Embedded Models
Run LLM models directly inside hi-shell — no external server or API key required. Embedded models use the candle framework for inference with hardware acceleration support.
How It Works
hi-shell bundles the ability to download and run quantized GGUF models locally using candle:
- On first use, the model is automatically downloaded from Hugging Face
- The model is cached locally for future use
- Inference runs on CPU by default, with Metal (macOS) or CUDA (Linux) acceleration when available
Supported Architectures
| Architecture | Example Models | Notes |
|---|---|---|
| Llama | Llama-3.2-1B-Instruct | Default, good balance of speed and quality |
| Phi-3 | Phi-3-mini-4k-instruct | Microsoft’s compact model |
| Qwen2 | Qwen2-1.5B-Instruct | Alibaba’s multilingual model |
Default Model
The default model is Llama-3.2-1B-Instruct quantized to Q4_K_M format (~700MB). It provides a good balance between response quality and resource usage.
Setup
Standard Setup
hi-shell --init
# Select "Embedded"
# Choose a model from the list
# The model will be downloaded automatically on first use Manual Configuration
Edit your config file (typically ~/.config/hi-shell/config.toml):
llm_provider = "Embedded"
embedded_model = "lmstudio-community/Llama-3.2-1B-Instruct-GGUF"

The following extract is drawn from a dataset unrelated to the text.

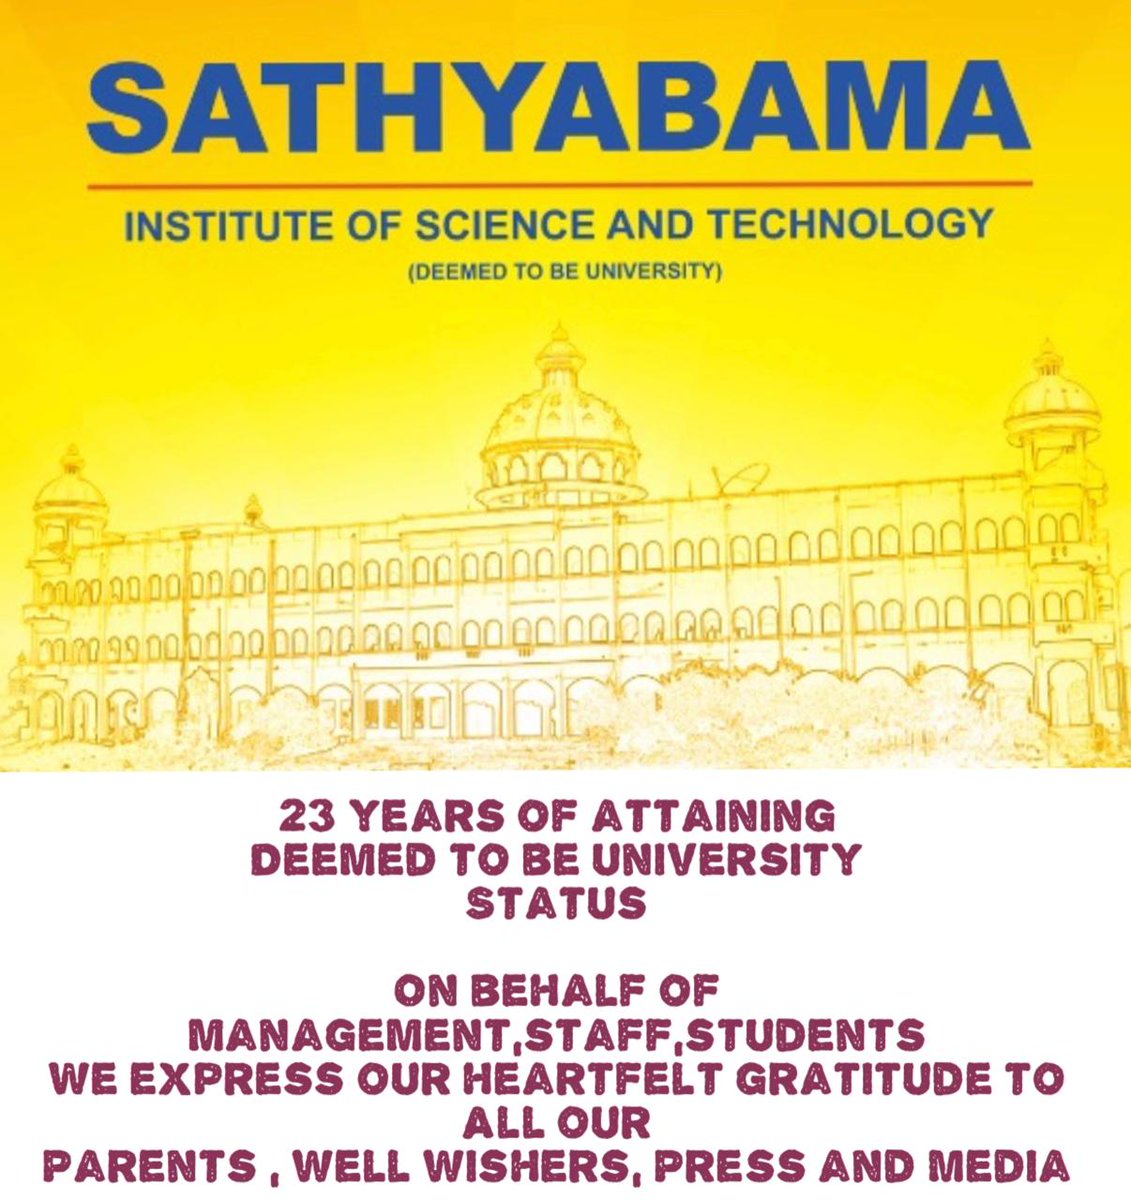 #sist #sathyabamauniversity #sathyabama #deemeduniversity
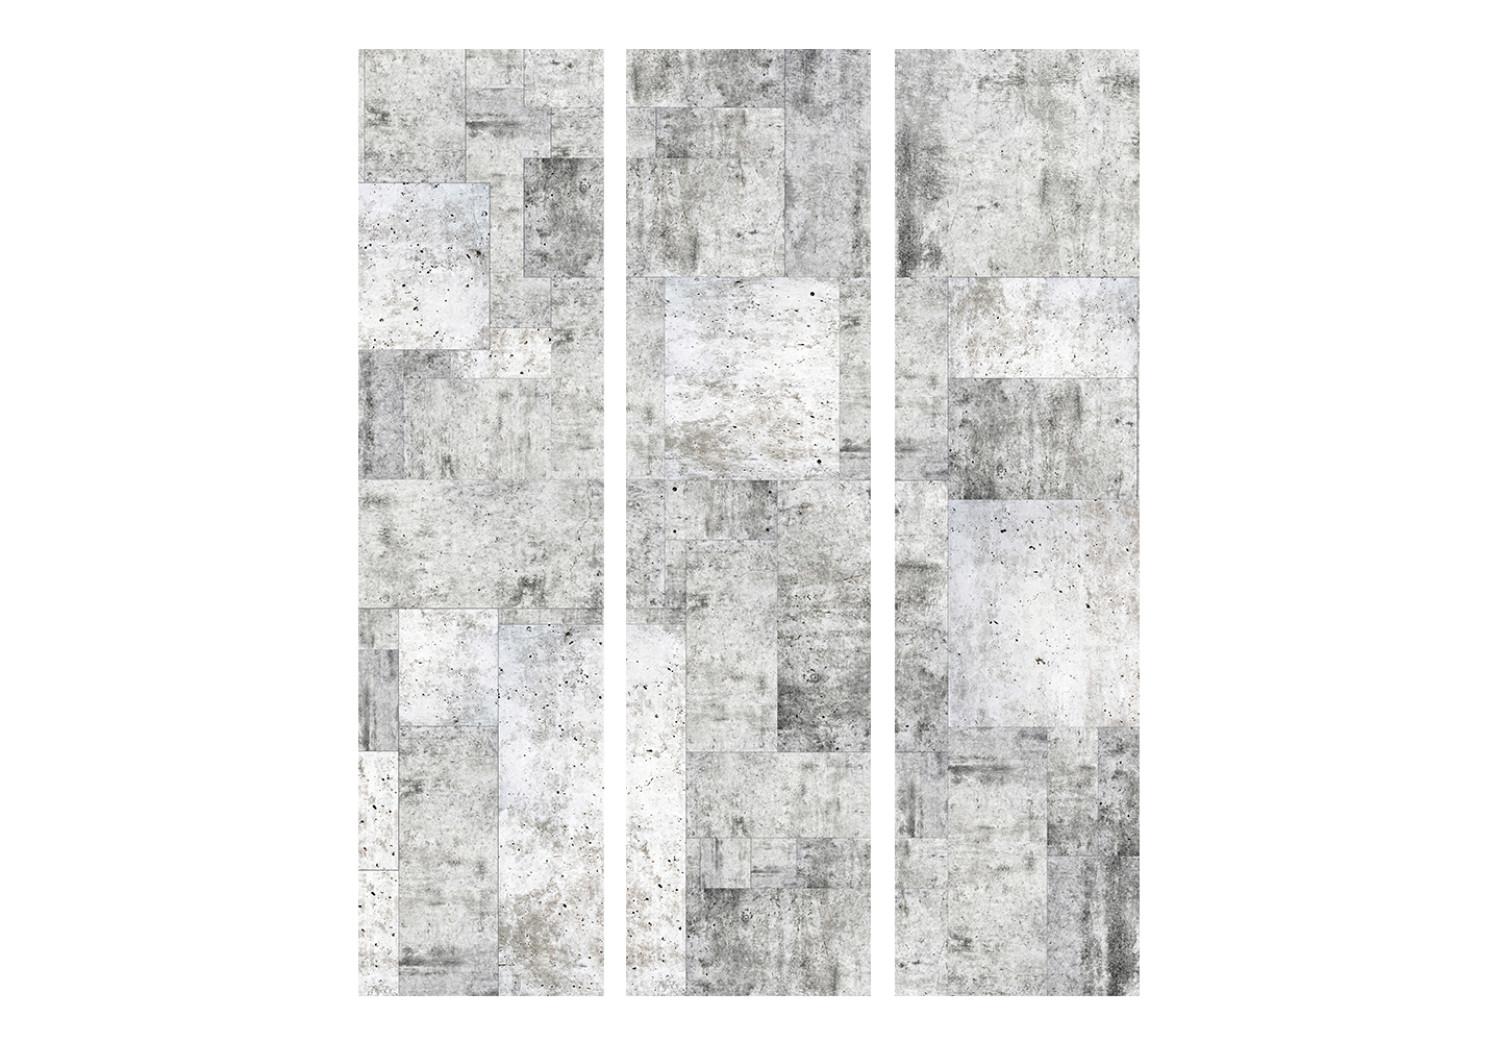 Biombo Concreto: Ciudad gris (3 partes) - composición simple sobre fondo gris

embedded_model_file = "Llama-3.2-1B-Instruct-Q4_K_M.gguf" Hardware Acceleration
macOS — Metal
Build with Metal support for GPU acceleration:
cargo build --release --features metal This significantly speeds up inference on Apple Silicon Macs.
Linux — CUDA
Build with CUDA support for NVIDIA GPUs:
cargo build --release --features cuda Requires CUDA toolkit to be installed.
CPU Fallback
Without feature flags, hi-shell uses CPU inference. This works everywhere but is slower.
Model Storage
Models are cached in the Hugging Face cache directory:
- macOS/Linux:
~/.cache/huggingface/hub/ - Windows:
%LOCALAPPDATA%\huggingface\hub\
Available Models
You can use any GGUF quantized model from Hugging Face. Some recommended options:
Small & Fast (< 1GB)
lmstudio-community/Llama-3.2-1B-Instruct-GGUF— Default, good qualityQwen/Qwen2-1.5B-Instruct-GGUF— Good multilingual support
Medium (1-3GB)
lmstudio-community/Phi-3-mini-4k-instruct-GGUF— Better reasoninglmstudio-community/Llama-3.2-3B-Instruct-GGUF— Improved quality
To use a different model, update your config:
embedded_model = "Qwen/Qwen2-1.5B-Instruct-GGUF"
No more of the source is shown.